II. We come back, then, to the Catholic answer. Treat the Catholic
Church as Divine only and you will stumble over her scandals, her
failures, and her shortcomings. Treat her as Human only and you will be
silenced by her miracles, her sanctity, and her eternal resurrections.

(i) Of course the Catholic Church is Human. She consists of fallible
men, and her Humanity is not even safeguarded as was that of Christ
against the incursions of sin. Always, therefore, there have been
scandals, and always will be. Popes may betray their trust, in all human
matters; priests their flocks; laymen their faith. No man is secure.
And, again, since she is human it is perfectly true that she has
profited by human circumstances for the increase of her power.

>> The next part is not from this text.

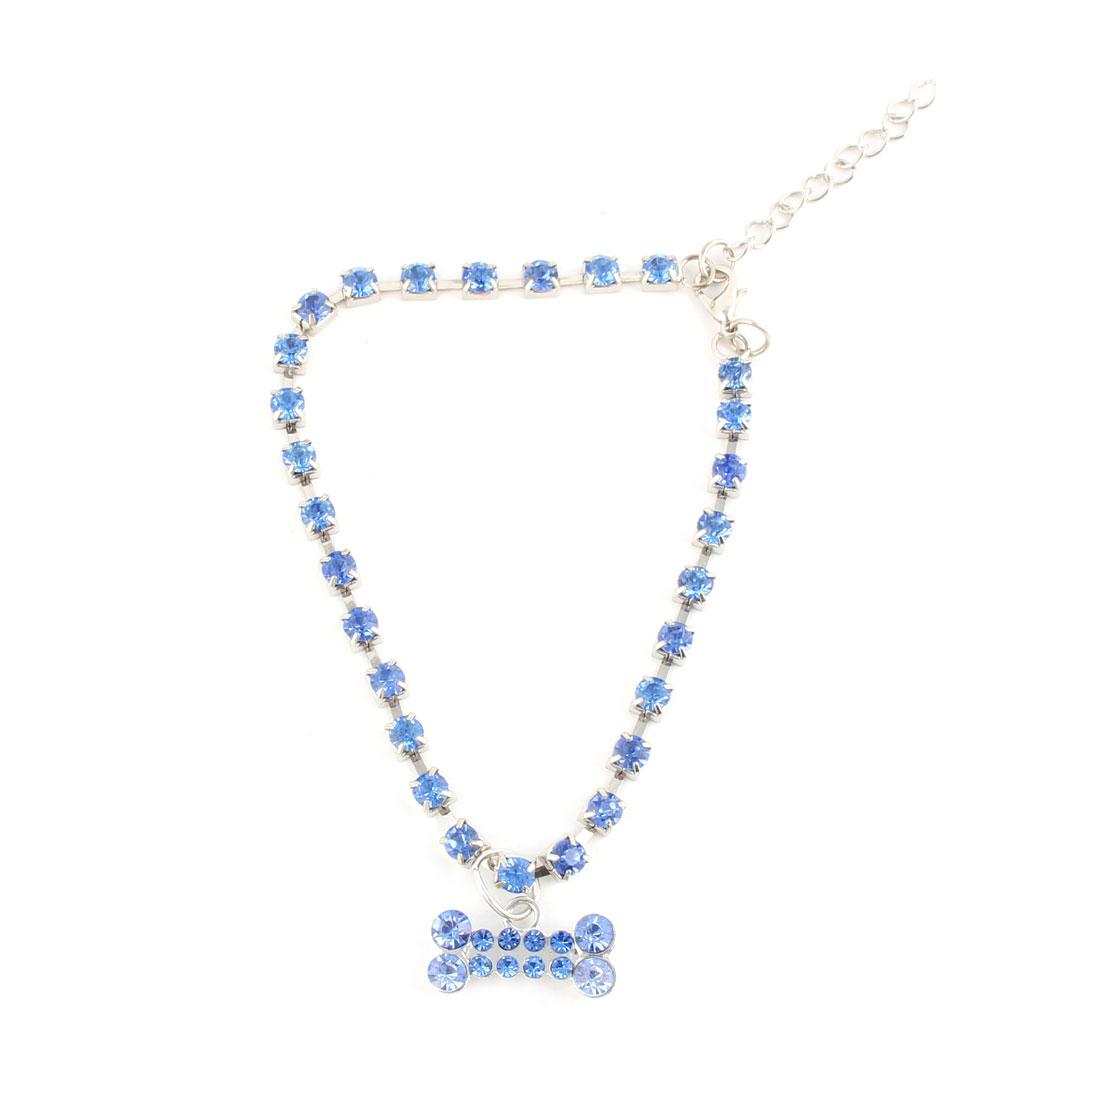 Pet Dog Bone Pattern Pendant Rhinestone Inlaid Decorative Necklace Neck Chain Blue
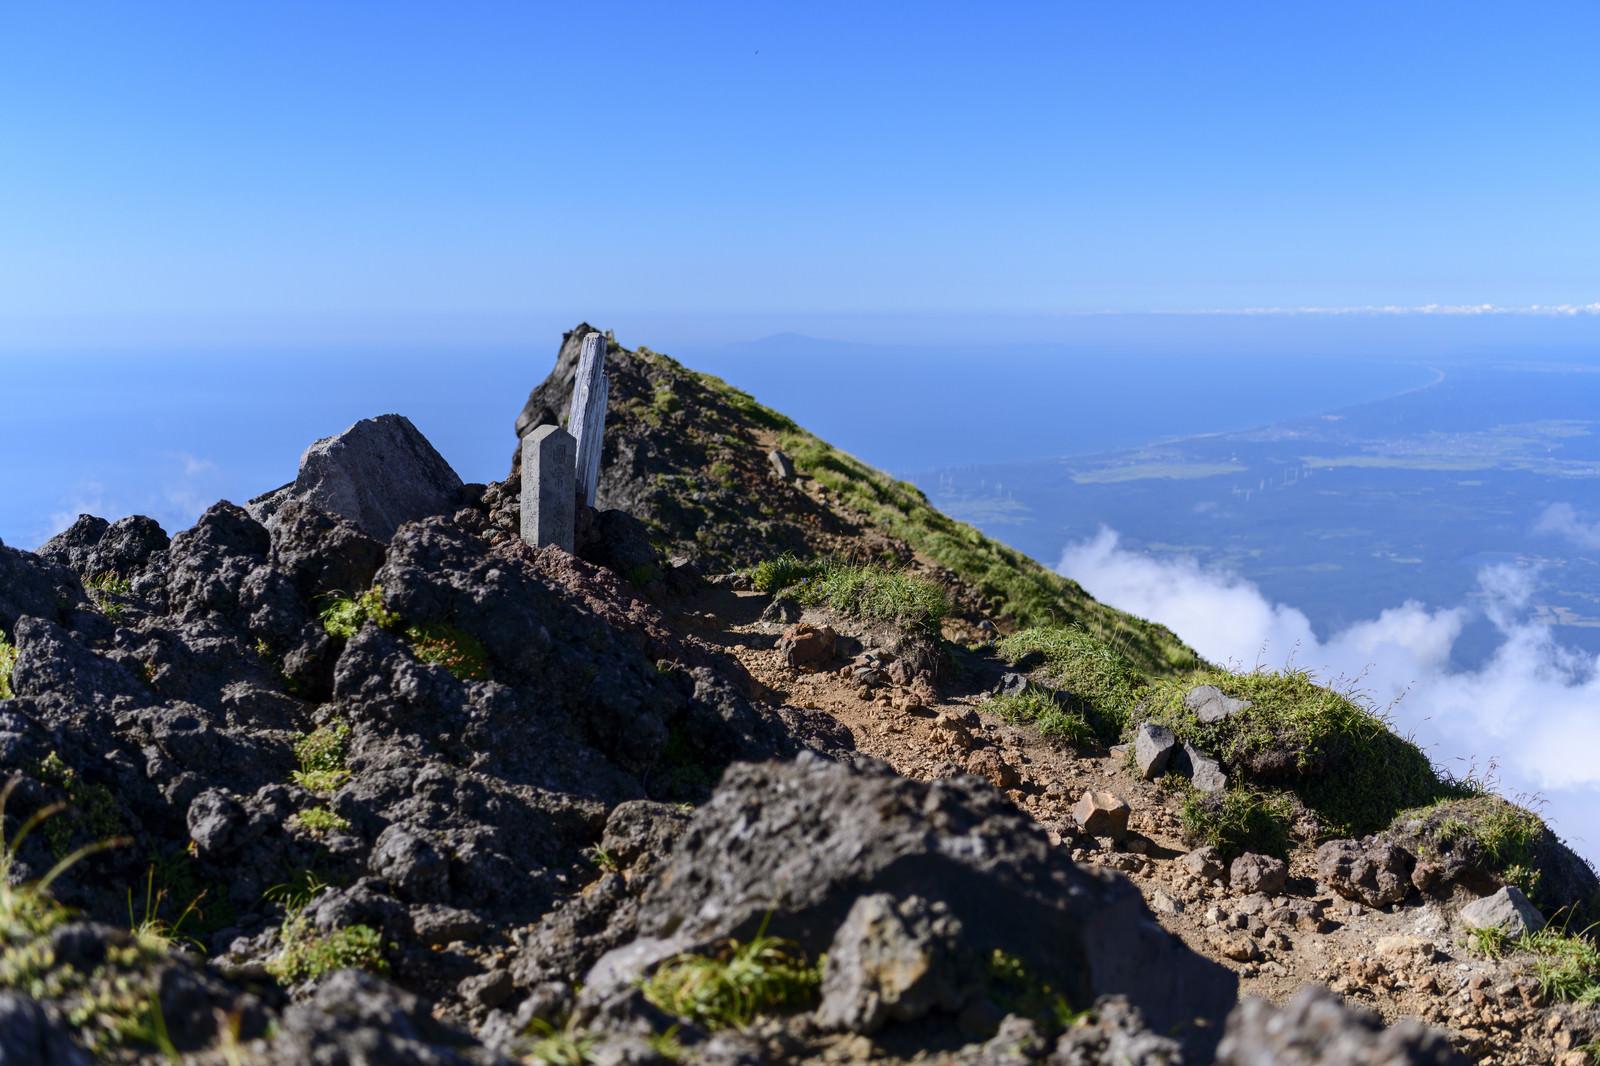 「鳥海山外輪七高山付近の景色」の写真

Undoubtedly it was the existence of the Roman Empire, with its roads,
its rapid means of transit, and its organization, that made possible the
swift propagation of the Gospel in the first centuries. Undoubtedly it
was the empty throne of Caesar and the prestige of Rome that developed
the world's acceptance of the authority of Peter's Chair. Undoubtedly
it was the divisions of Europe that cemented the Church's unity and led
men to look to a Supreme Authority that might compose their differences.
There is scarcely an opening in human affairs into which she has not
plunged; hardly an opportunity she has missed. Human affairs, human sins
and weaknesses as well as human virtues, have all contributed to her
power. So grows a tree, even in uncongenial soil. The rocks that impede
the roots later become their support; the rich soil, waiting for an
occupant, has been drawn up into the life of the leaves; the very winds
that imperilled the young sapling have developed too its power of
resistance. Yet these things do not make the tree.